Here’s one New Testament scholar (Larry Hurtado, recently retired, Univ. of Edinburgh) who laughs at the idea. I’d agree with him (and I like reading western esotericism).

If you think they’re intellectual elites, you’ve been watching too much on the Fantasy Channel (aka, History Channel) and reading too many pages by modern new agers. Go to the primary sources, like Prof. Hurtado suggests.

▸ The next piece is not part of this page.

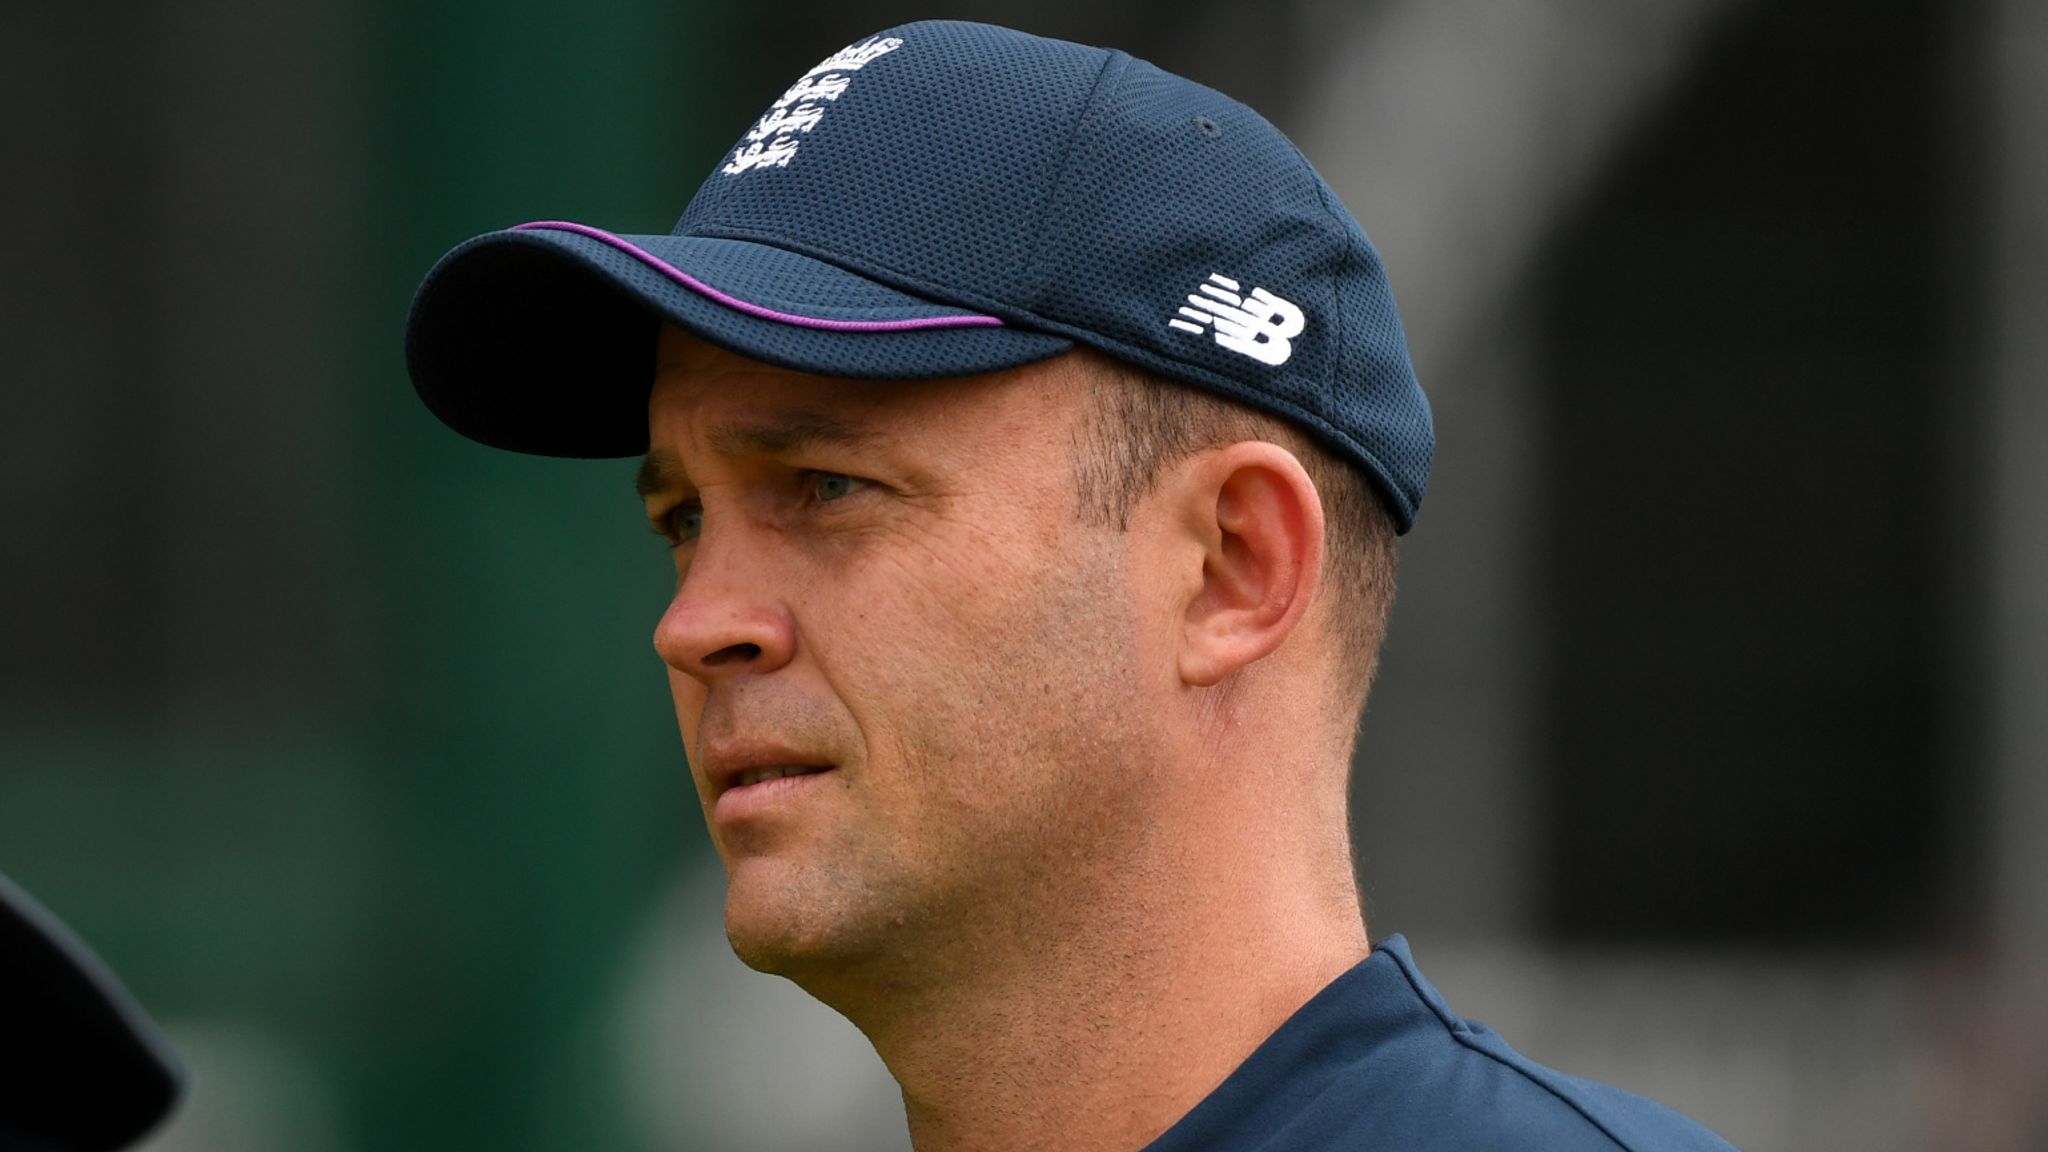 IRE vs AFG: Former England batter Jonathan Trott appointed as the head coach of Afghanistan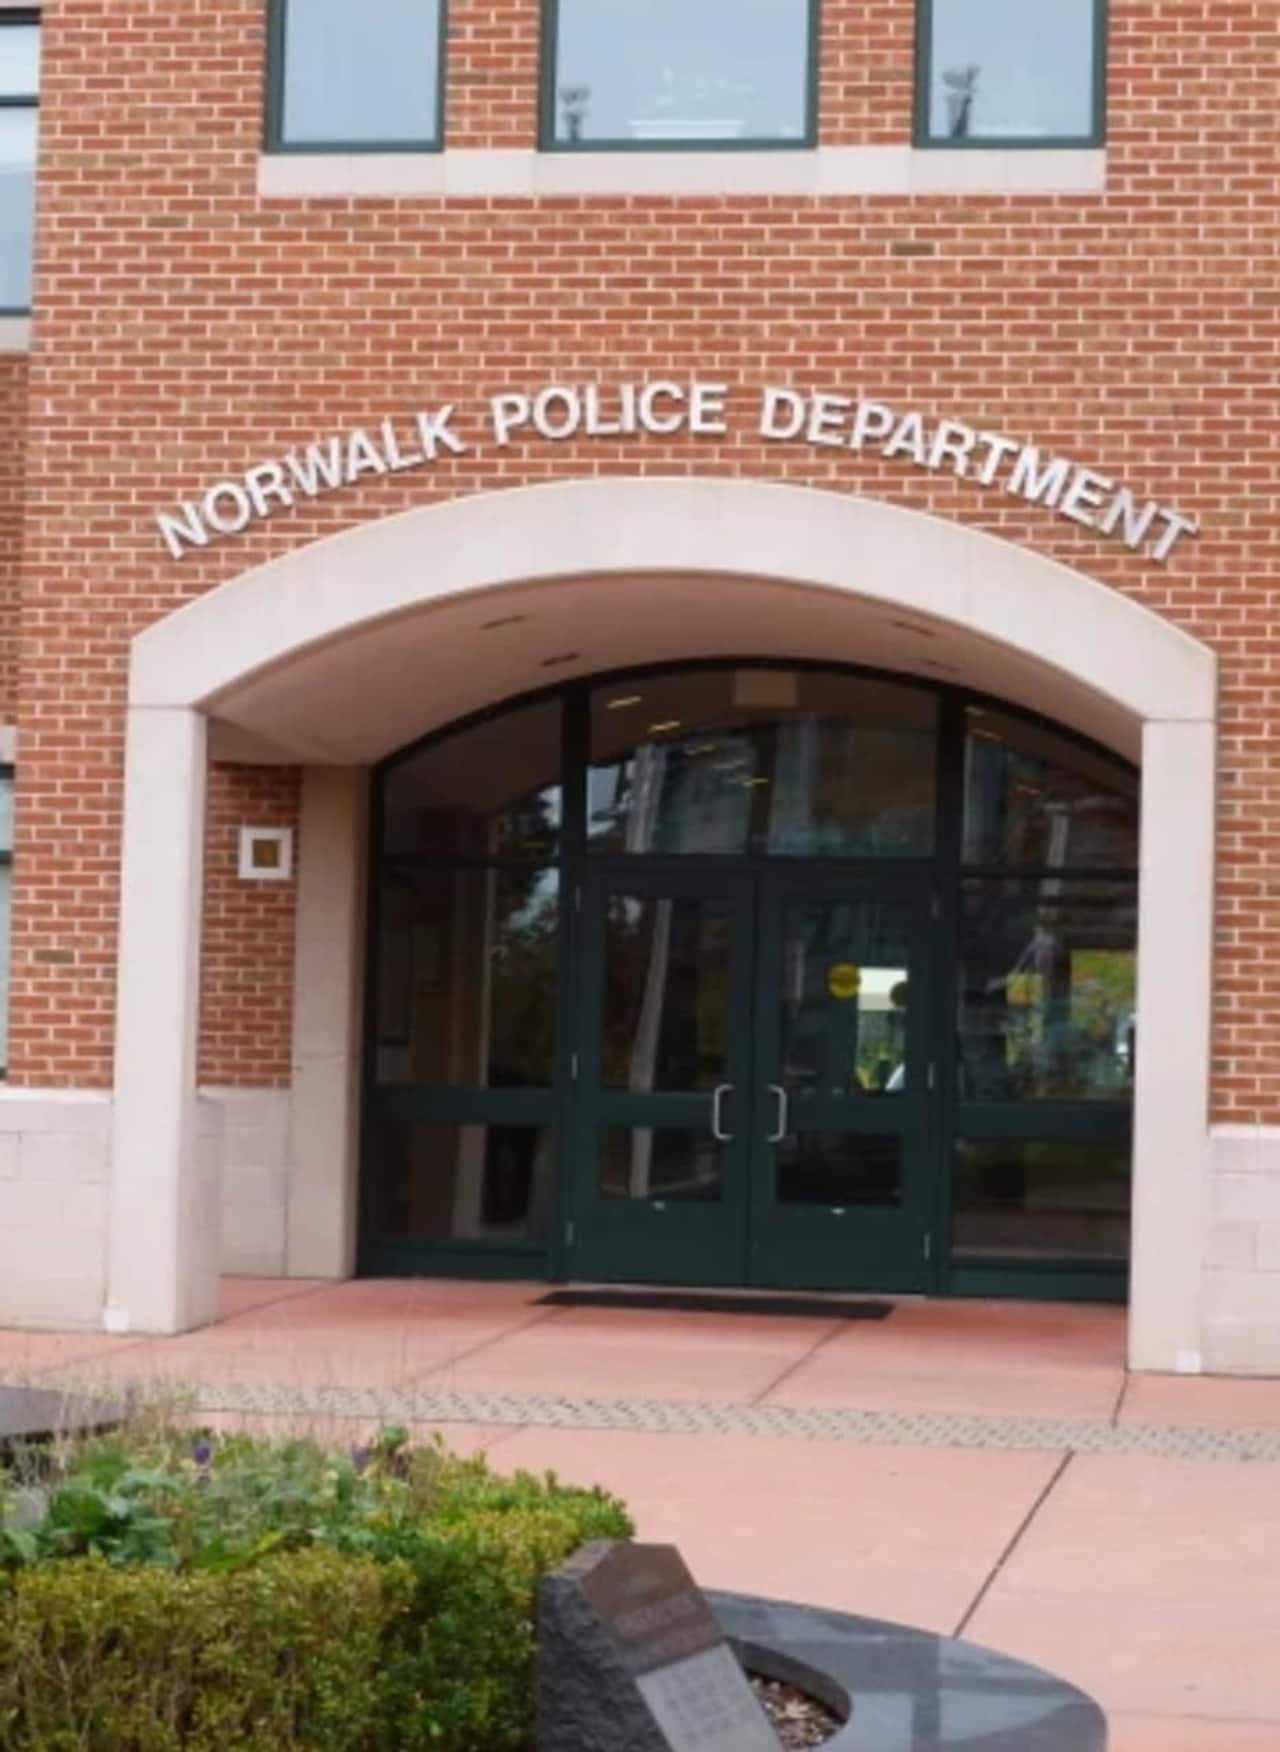 Norwalk Police Department arrested two in connection with dispute in lounge.

[Addendum: Prof. April DeConick was apparently put off by Prof. Hurtado. It didn’t take her long to respond. I’m with Hurtado on this one. I’ve read enough esoteric material and western esotericism to know that the short path to sounding intellectual is to spout streams of barely intelligible ideas. That way, you come off as the possessor of elite knowledge: “If you were as brilliant as I am, you’d understand what I’m saying.” Gnostic literature is filled with that sort of thing. Just read it. My point is not that they were dumb or on acid. It’s that calling them leading intellectuals of the ancient world is silly. In terms of the New Age crowd, it’s hard for them to take reasoned discourse and make it sound like mystery and mysticism to convince you they’re deep. It’s easy to do that with Gnostic material, and many have done so. That ought to tell us something. (And readers will know I’m not in the ecclesiastical box of the “historic” church in several respects). Yes, I can be accused at this point of assessing that material through “western logic.” But tell me — when we debate the subject, are we going to use the rules of western logic for discussion or not? Will we evaluate the soundness of argumentation using rules of western logic or not? We all know the answer, and that tells us something as well.]